В своей деятельности атташе руководствовались перечнем запросов, которые отправлялись из Вашингтона атташе, находившимся за границей. Наиболее значимым приоритетом как для сухопутных, так и для военно-морских атташе в то время являлся поиск свидетельств прогресса СССР в области атомной энергии для разработки ядерного оружия. Среди высших приоритетов разведки также значились достижения СССР по управляемым ракетам и строительству подводных лодок. В сентябре 1948 г. офис военно-морской разведки выпустил «Инструкцию по сбору информации по подводным лодкам», в которой подчеркивалась необходимость «определить факт строительства подводной лодки и ход выполнения программы строительства без реального наблюдения за работами на лодке па верфи, к примеру, отмечая производство компонентов, их перевозку и поставку». Особое внимание атташе следовало обратить на реконструкцию туннелей и мостов, что могло свидетельствовать о планах массового производства подводных лодок и намерении перевозить готовые секции лодок наземным транспортом в некую отдаленную точку для сборки.

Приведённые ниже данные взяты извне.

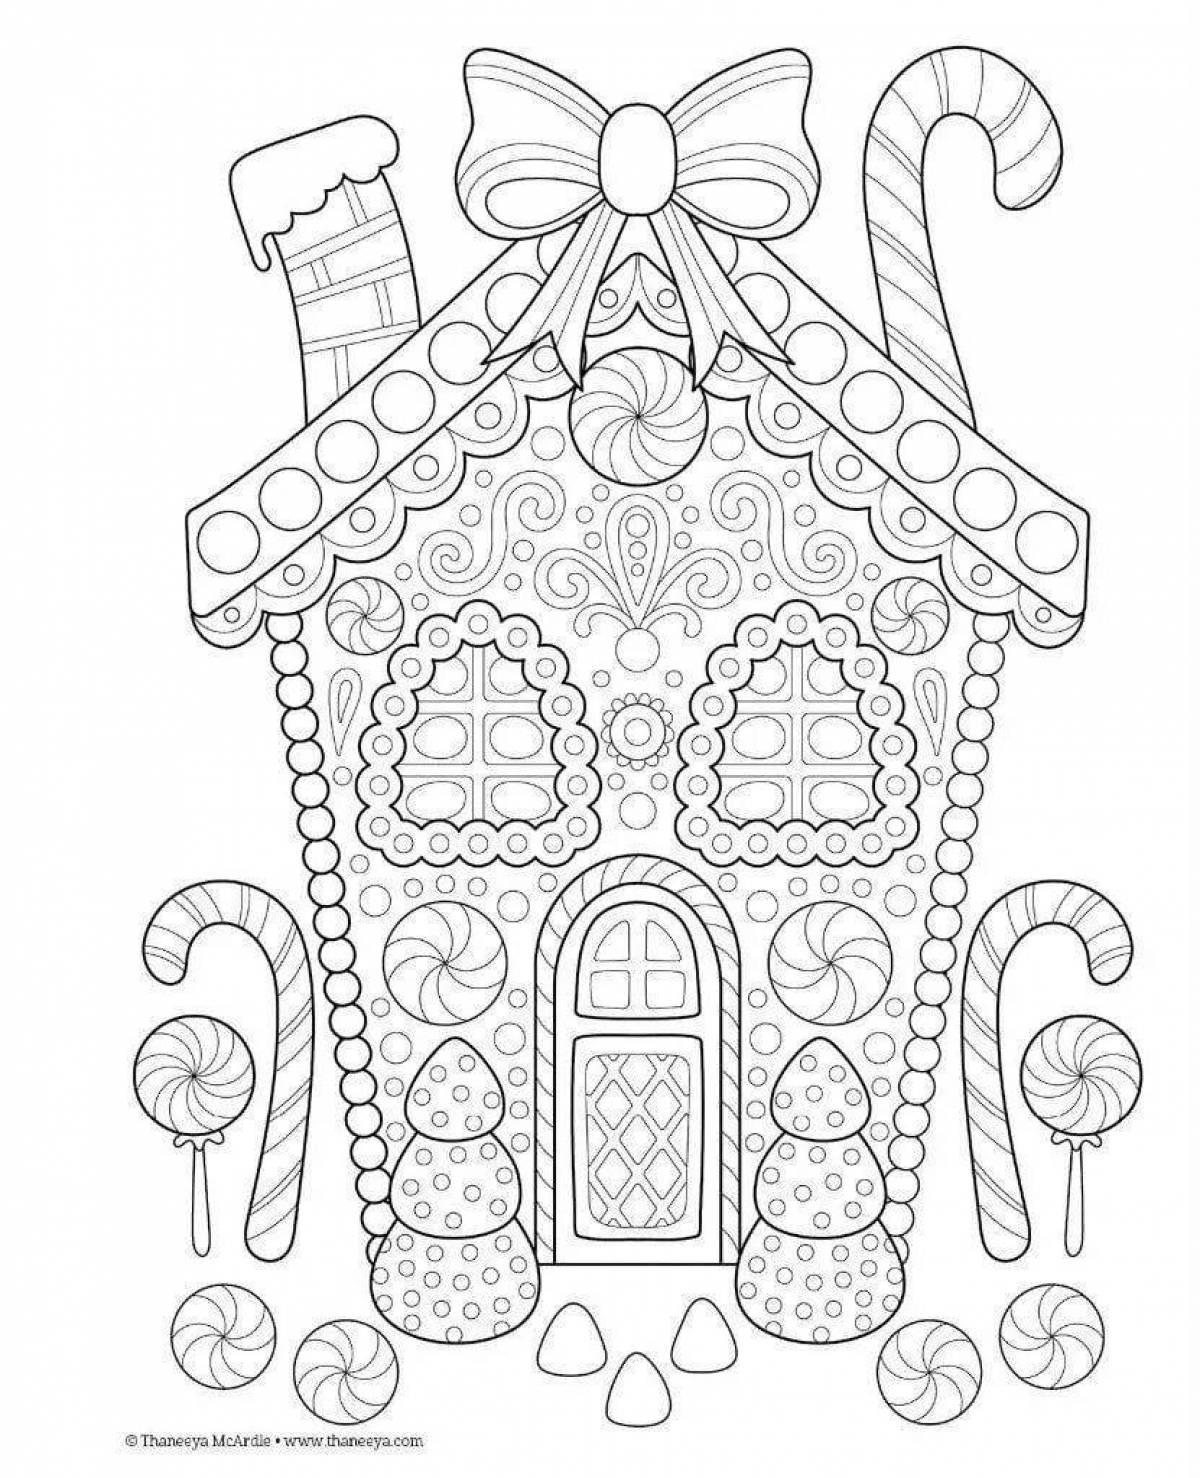 Fairy gingerbread house glitter coloring book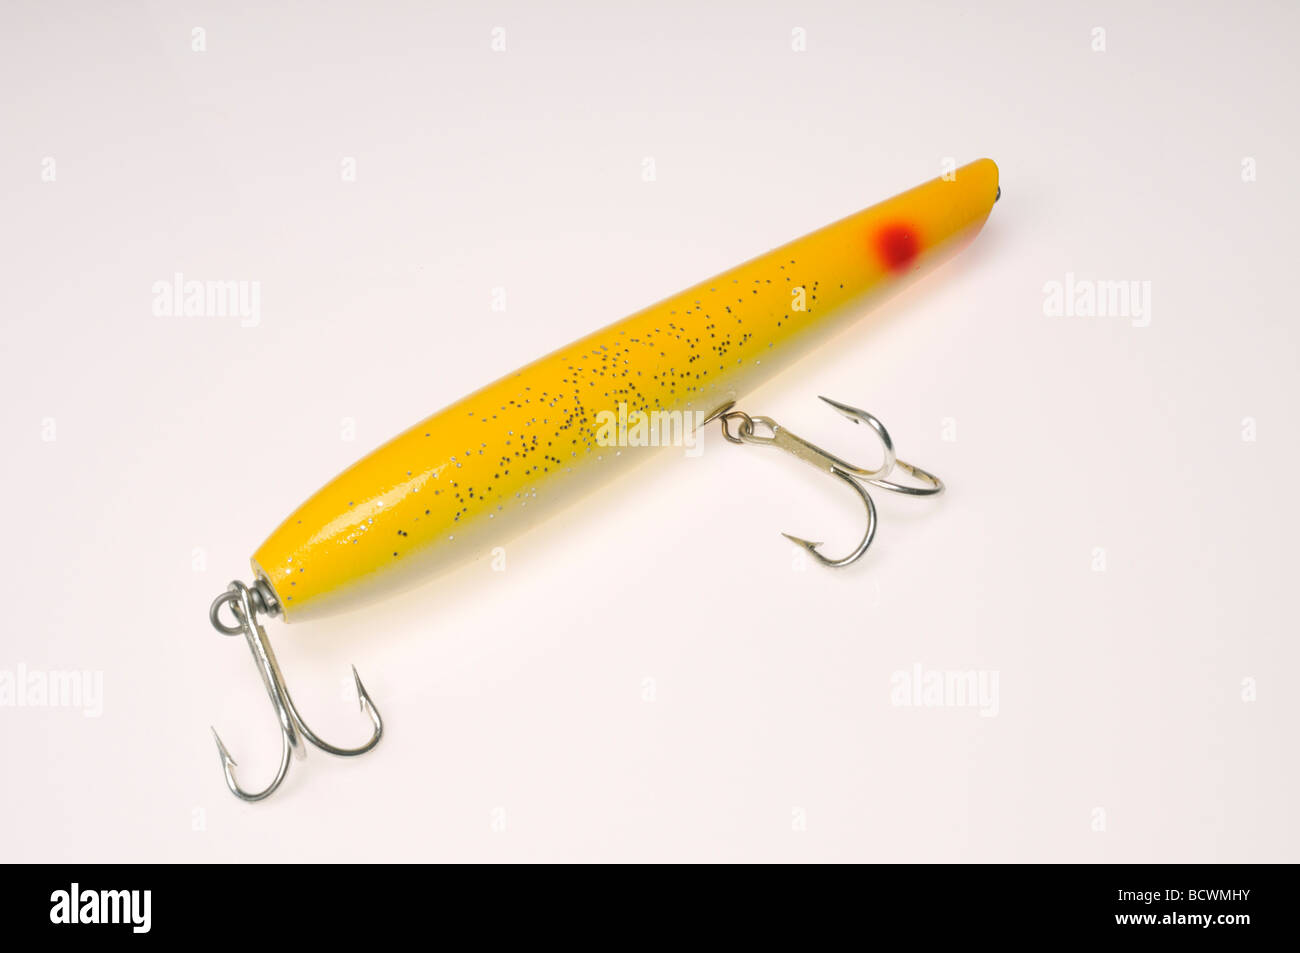 Fishing lure for saltwater with treble hooks Stock Photo - Alamy

Для контр-адмирала Стивенса советская пресса являлась «единственным источником, из которого его аппарат мог получать регулярный поток информации о тех областях деятельности, о которых в завуалированной форме открыто и свободно оповещалась российская публика». Из прошлого опыта Стивенс усвоил, что «терпеливый сбор мелких деталей формирует, в конце концов, некий шаблон, который становится виден внимательному офицеру разведки, а масса открытого и доступного материала в России предоставляет множество подобных деталей». Атташе Стивенс также считал, что объем материала из открытых источников «настолько велик», а «людей с подходящей подготовкой и знанием русского языка для обработки материала в Вашингтоне» было «так мало», что сотрудникам его аппарата в Москве приходилось реферировать информацию из прессы, а не просто накапливать ее.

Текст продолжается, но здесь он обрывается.